Developing an Ontology for Intricate Visual Content Annotation: Experience from the Panorama of the Battle of Murten

1. Context

Realized by Louis Braun (1836-1916) in 1893, the Panorama of the Battle of Murten 1 stands as a Swiss national treasure. This artwork commemorates the Swiss victory in 1476 that reinforced Swiss autonomy, shaped the national border, and elevated the prestige of Swiss mercenaries (Fuhrer / Geiger 2002; Schmidt 2002) .

The panorama also stands as a global visual heritage, particularly for the history of art and panorama. It is a rare surviving example of a painted panorama that depicts a medieval battle scene 2 rather than a contemporary one (Grau 2003) . Moreover, it is the only surviving panorama by Louis Braun (Alexandre et al. 2012) , making it essential for the preservation of the artist’s creation. Recognizing its cultural significance, and to make the global visual heritage accessible, the Foundation for the Panorama of the Battle of Murten partners with Laboratory for Experimental Museology (eM+), EPFL to deliver a digital twin using advanced imaging and content augmentation techniques.

2. Intricate Visual Content as Big Cultural Data

The panorama, which measures 10 x 100 meters, was digitized in October 2023 at 1,000 dpi. The resulting digital twin is a 1,600 Gigapixels and 9.6 Terabytes (16-bit RGB uncompressed) single image. The content encapsulated within the panorama is remarkably rich, encompassing a myriad of elements such as geolocations, heraldic representations, historical characters, events, armaments, and costumes.

Intricate visual content represents an alternative big data challenge arising from a monolithic digital representation, deviating from the mainstream definition of “big data” 3 which emphasizes the sheer volume of documents in a corpus. Intricate visual content is characterized by a high density of compositions, motifs, decorations, or figurative narratives, as seen in cabinet of curiosities (Kunstkamer) paintings. Such content is often massive in extent, either physically—exemplified by painted panoramas and mural paintings—or digitally, such as in Chinese court paintings requiring gigapixel imaging to capture intricate details.

3. Our Objective and Method

To capture the extensive network of iconographical, historical, and cultural connections of intricate visual content, we propose a deep semantic annotation approach for data curation down to Point of Interest (POI) level. Our objective is to introduce a semantic annotation platform for, but not limited to, intricate visual content. Harnessing Linked Open Data (LOD) technologies, POI-based annotation can be summarized into three levels,

Level Description Usage Related Software / Paper
Semantic Subject indexing Tag controlled LOD vocabularies to a POI Image retrieval (Rainer 2023)
Semantic Annotation Assign LOD resources to a POI with a predicate (e.g. dc:subject, dcterms:references) Faceted image retrieval (Clarke 2015; Loh 2017)
Deep Semantic Annotation Assign knowledge graphs to a POI with an ontology Inference and reasoning with SPARQL (Wang et al. 2021)
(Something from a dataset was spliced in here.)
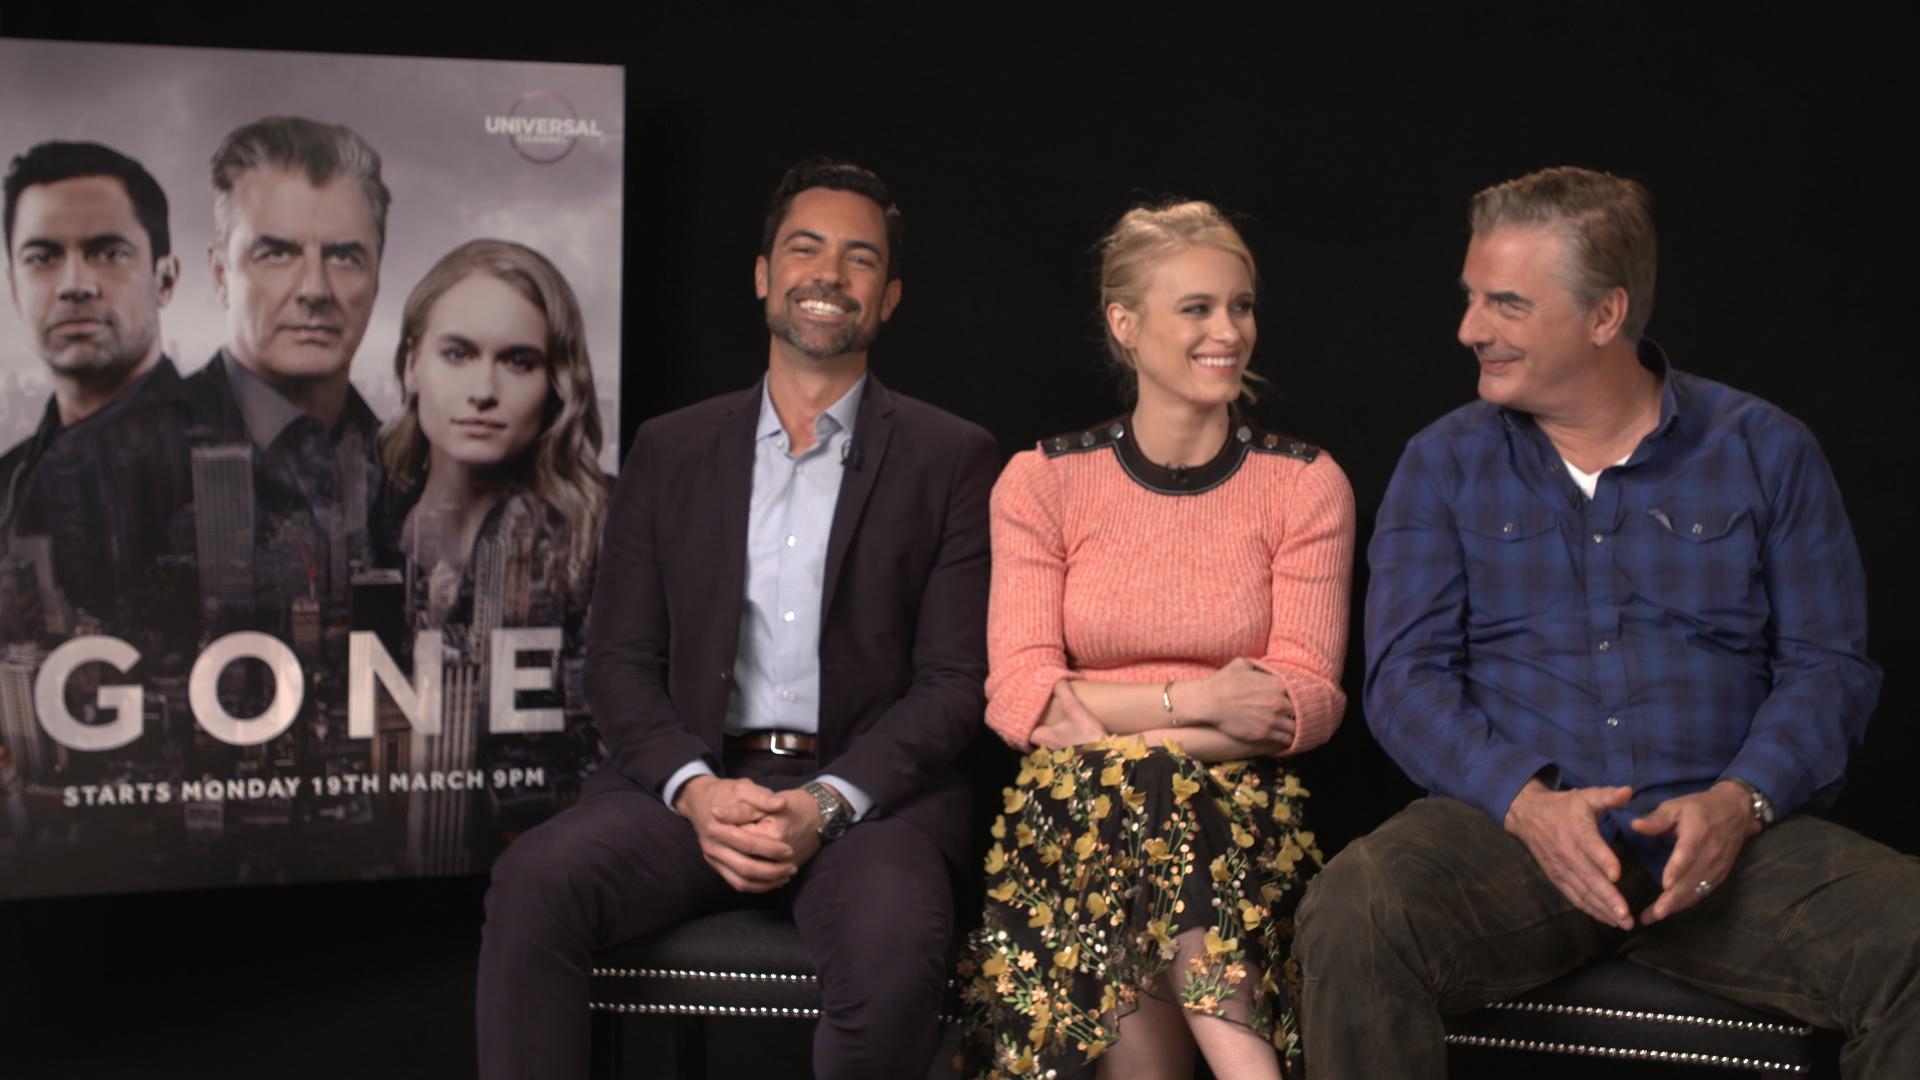 gone cast interviews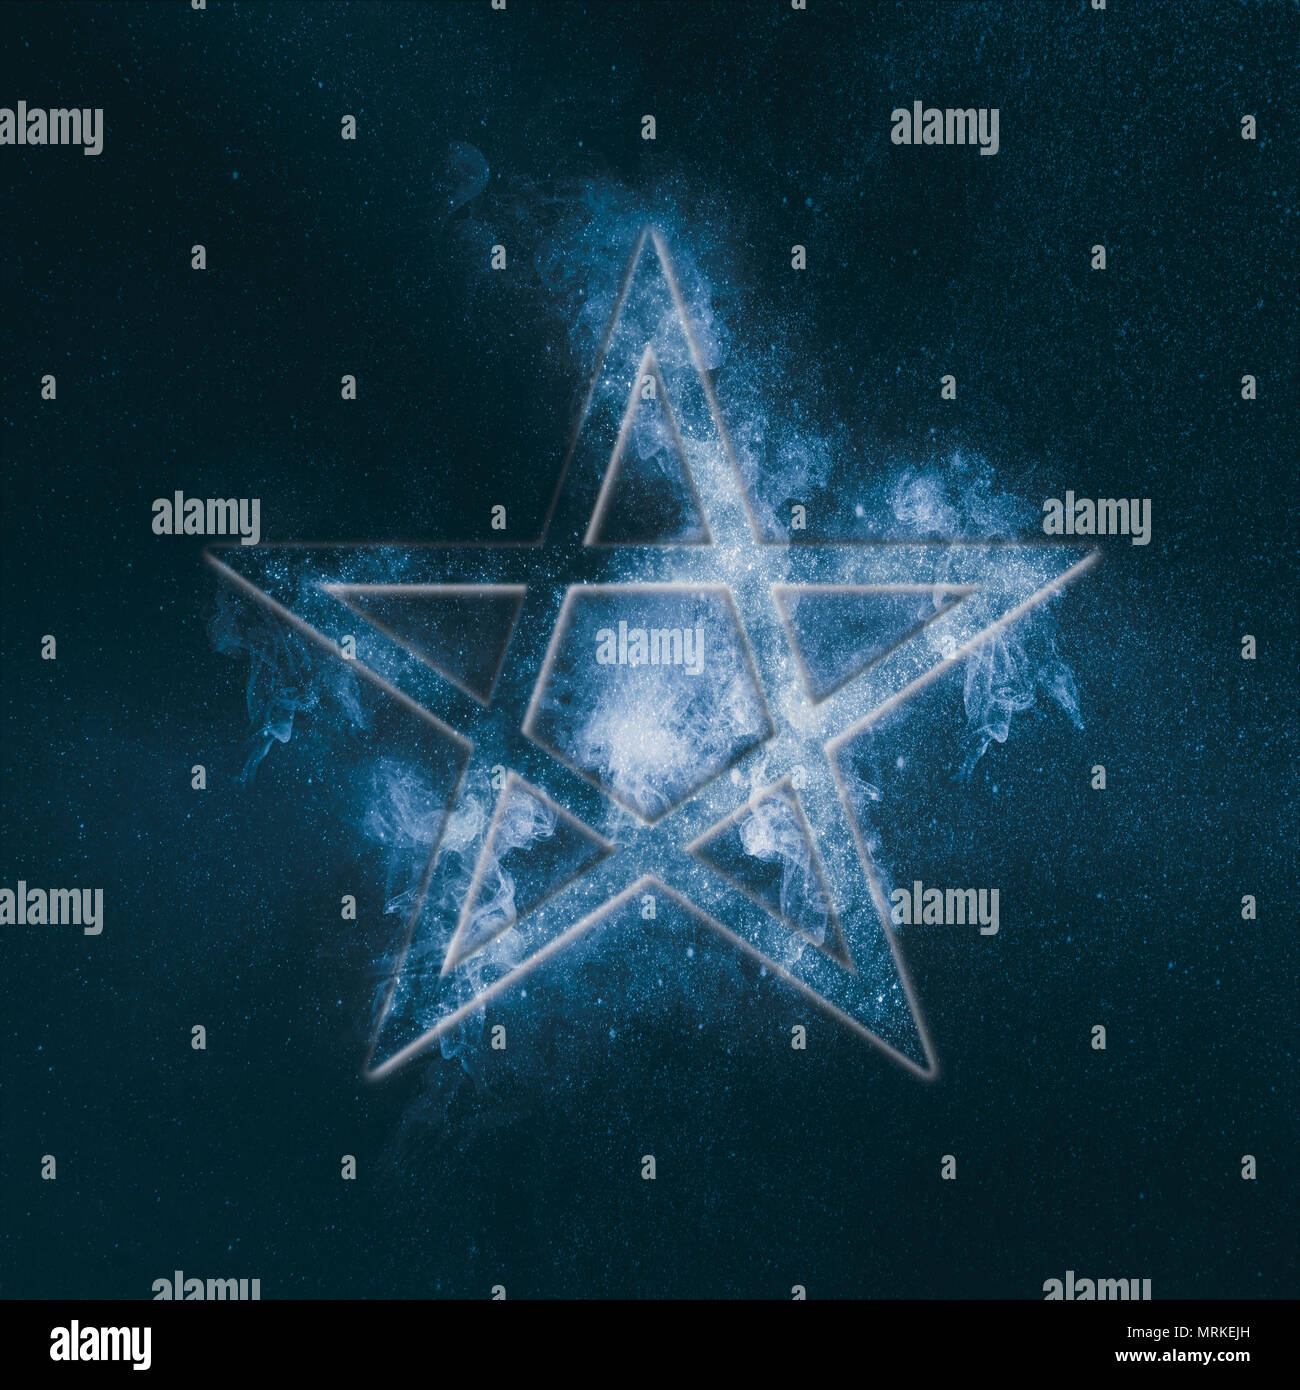 Pentagram Symbol Abstract Night Sky Background Stock Photo

Table 1. Three levels POI-based Annotation

Scholarly interpretation is a nuanced process which encompasses multiple levels of conceptualization, aggregation of observations and evidence, and formation of interpretative statements using domain-specific terminology. Building a competent system for scholarly annotation demands the system to attain the deep semantic annotation level mentioned above. This involves two stages. Firstly, to characterize the visual scholarly domain and formalize an ontology to support fine-grained scholarly annotation. Secondly, choosing appropriate technologies for developing the annotation platform, supported by user study to validate the system's efficacy.

Supported by the Knowledge Graph Management Platform (KGMP), the primary objective of the semantic annotation platform is to function as a comprehensive knowledge base. This knowledge base will facilitate the accumulation of scholarly interpretations along with their corresponding evidence.

The proposed annotation ontology comprises the following components:

• Interpretation components: We will work with domain experts from various disciplines to identify alignment paths for specializing ontologies, if any are drawn.

• Influence, Provenance and Reference: Provides a semantic representation of the digital scholarly annotation in the humanities.

• Annotation Selector: This component links to the digital representation or citation of the annotated object or the sources/theories supporting the annotation.

• Upper Ontology: Provides alignments of key classes and properties to upper ontology.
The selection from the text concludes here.